BRIEF:
The listing below must be returned in full and unchanged, without the images it carries.

(SOURCE DATA)

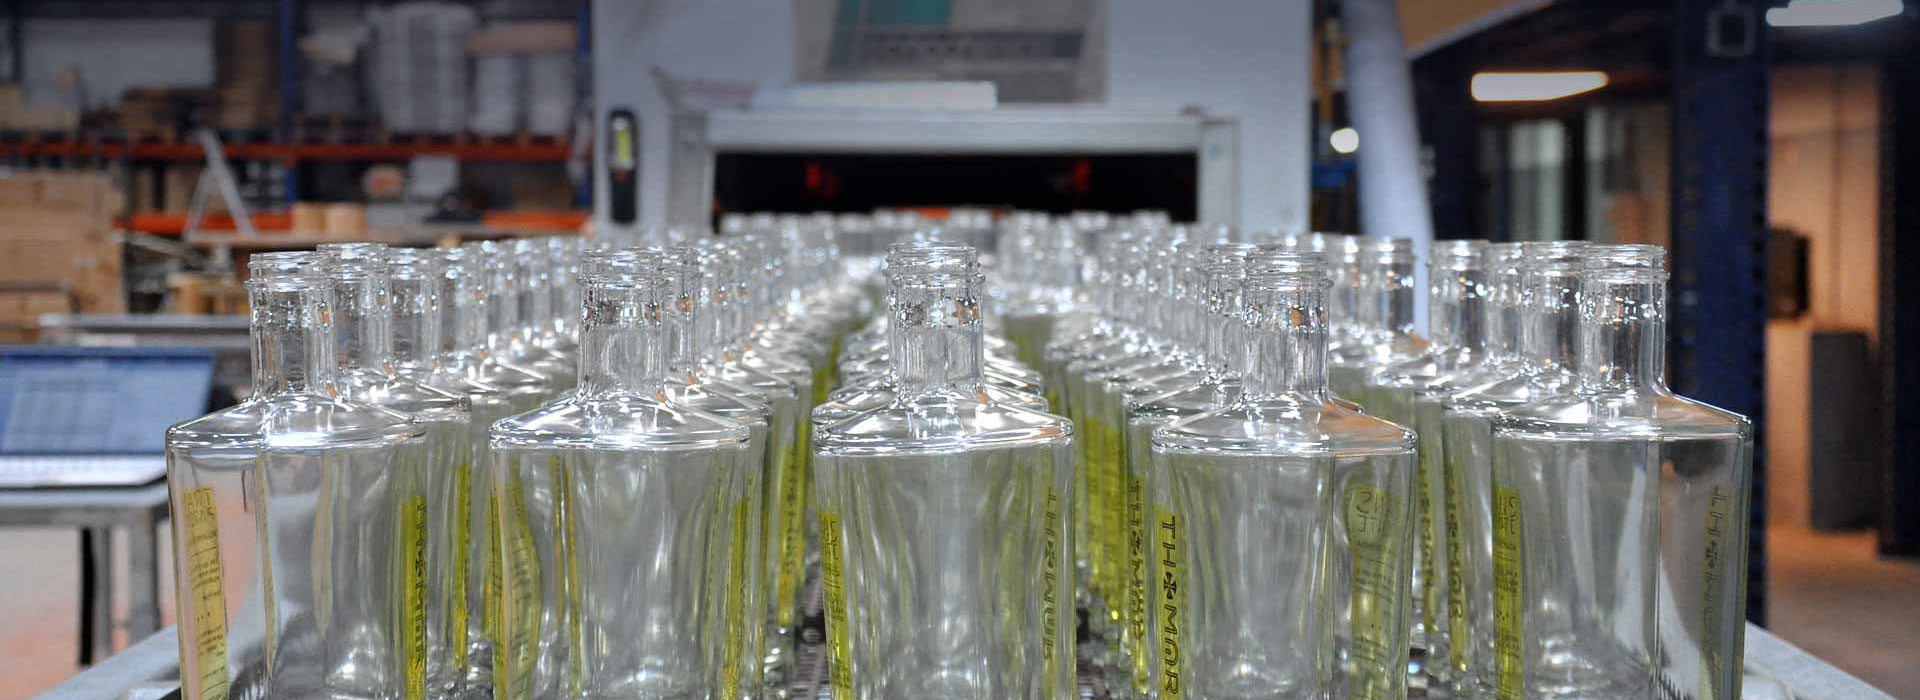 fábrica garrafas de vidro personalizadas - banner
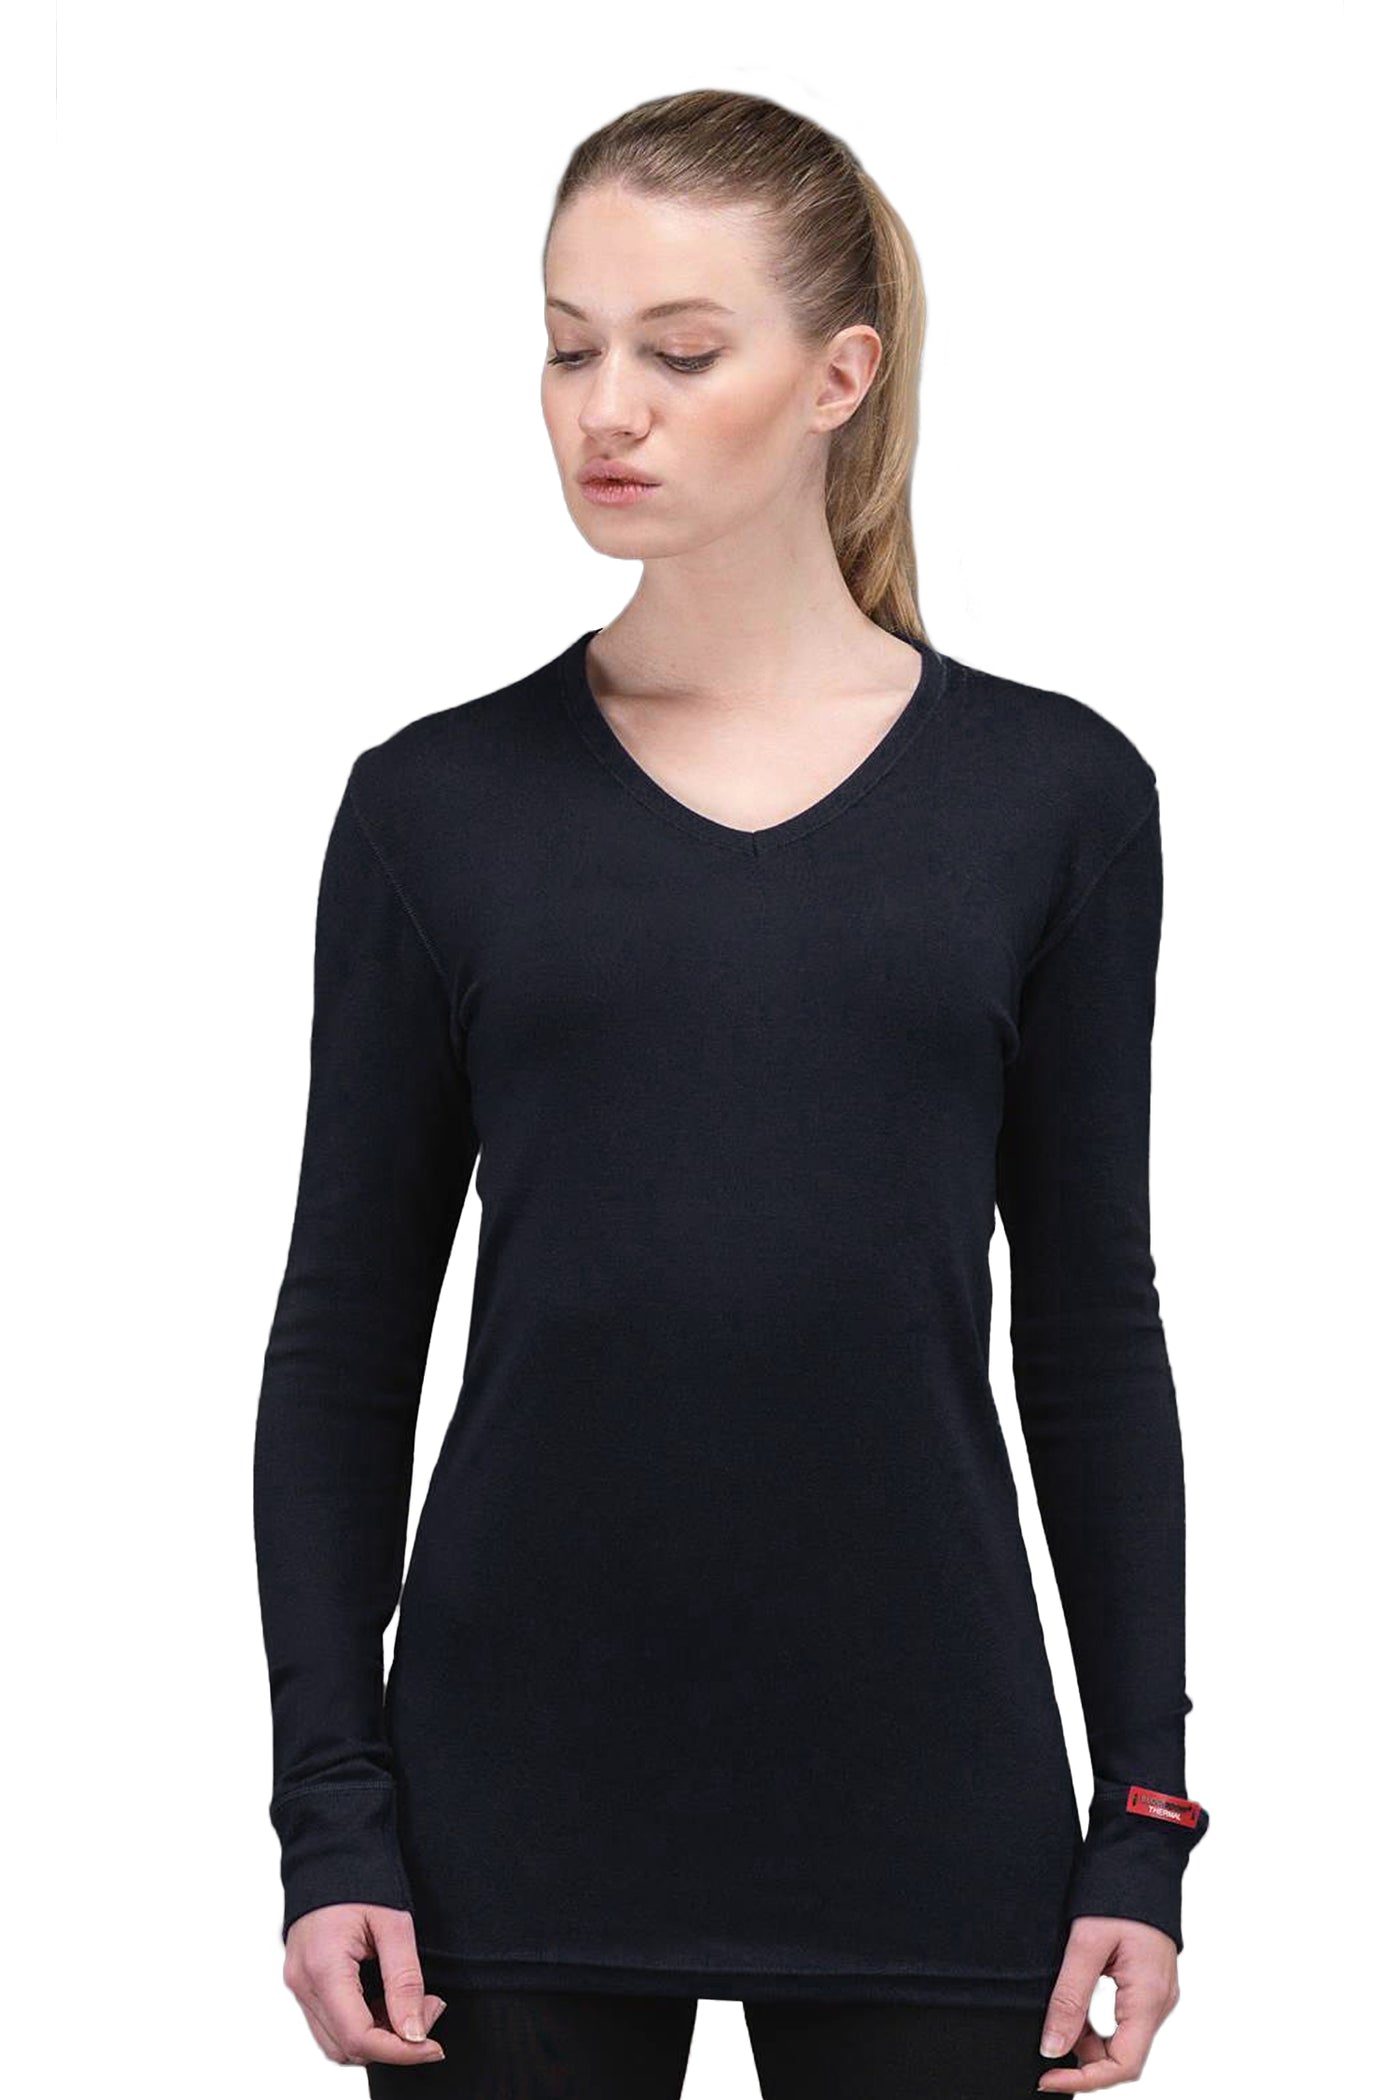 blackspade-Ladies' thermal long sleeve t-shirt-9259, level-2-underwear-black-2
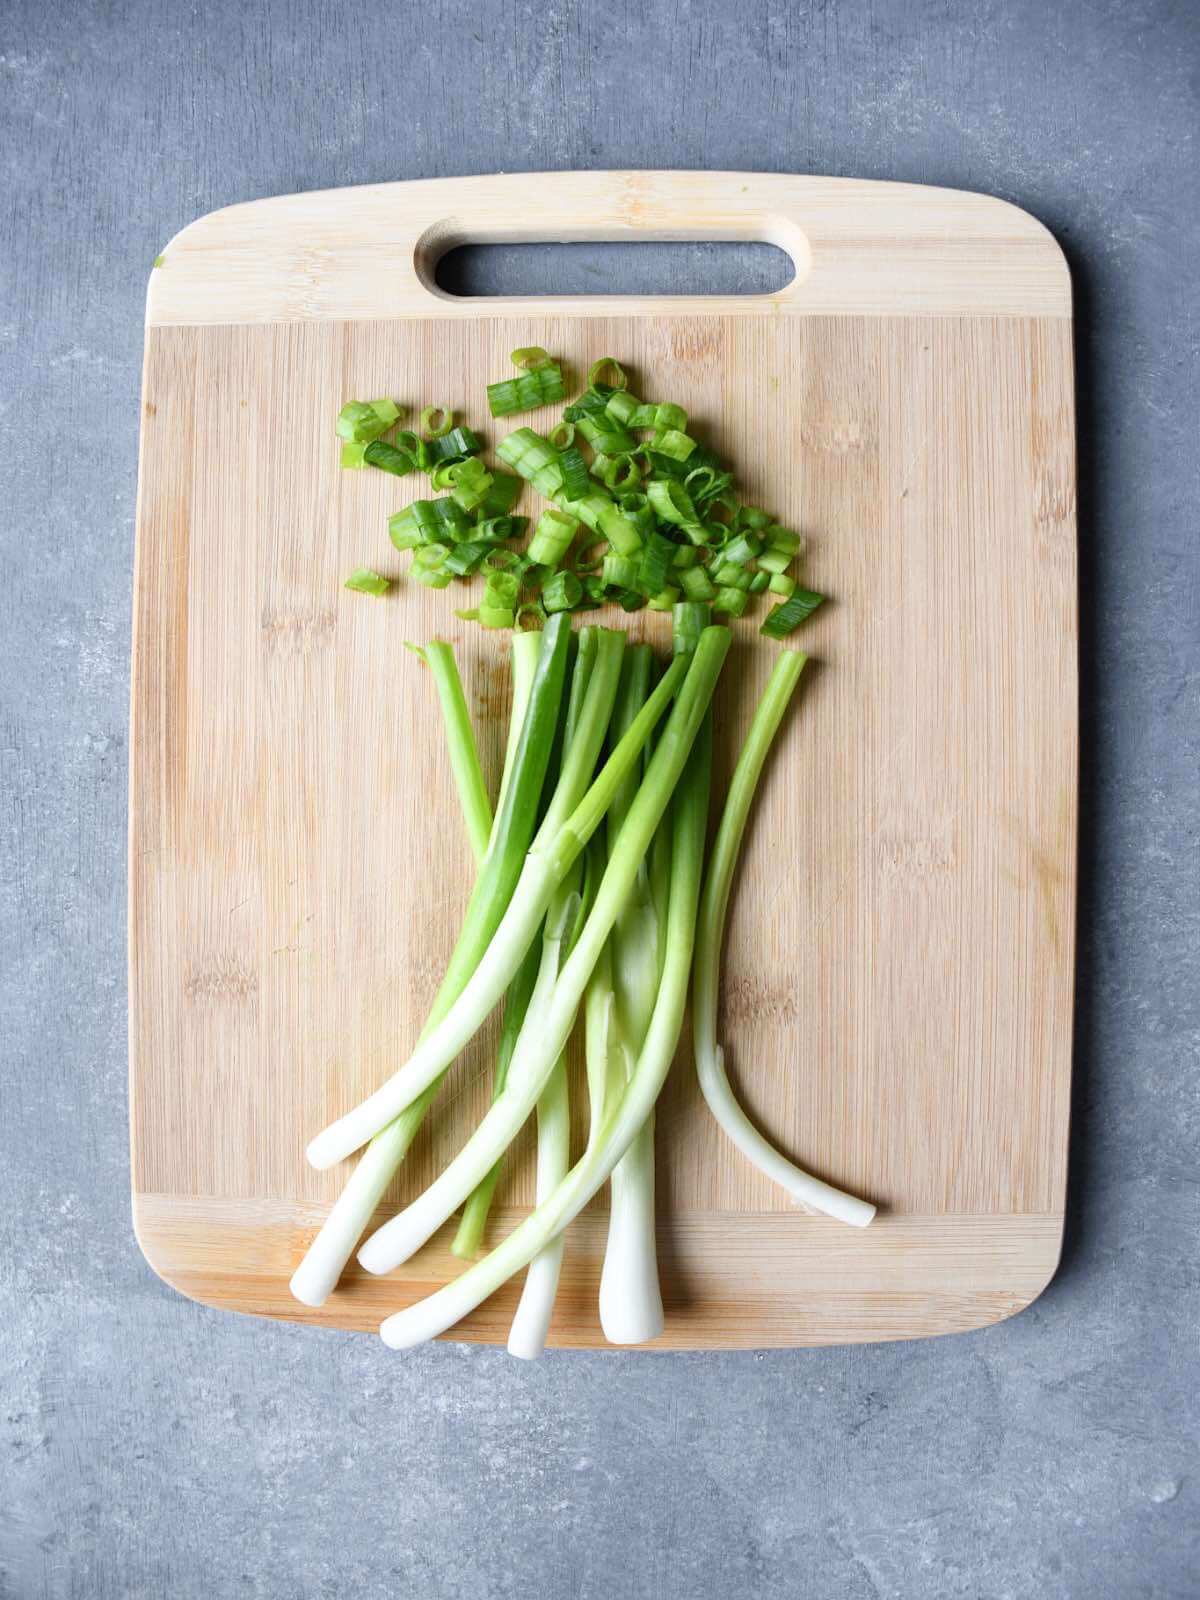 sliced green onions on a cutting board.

(End SOURCE DATA)

RESULT:
 fábrica garrafas de vidro personalizadas - banner
 blackspade-Ladies' thermal long sleeve t-shirt-9259, level-2-underwear-black-2
 sliced green onions on a cutting board.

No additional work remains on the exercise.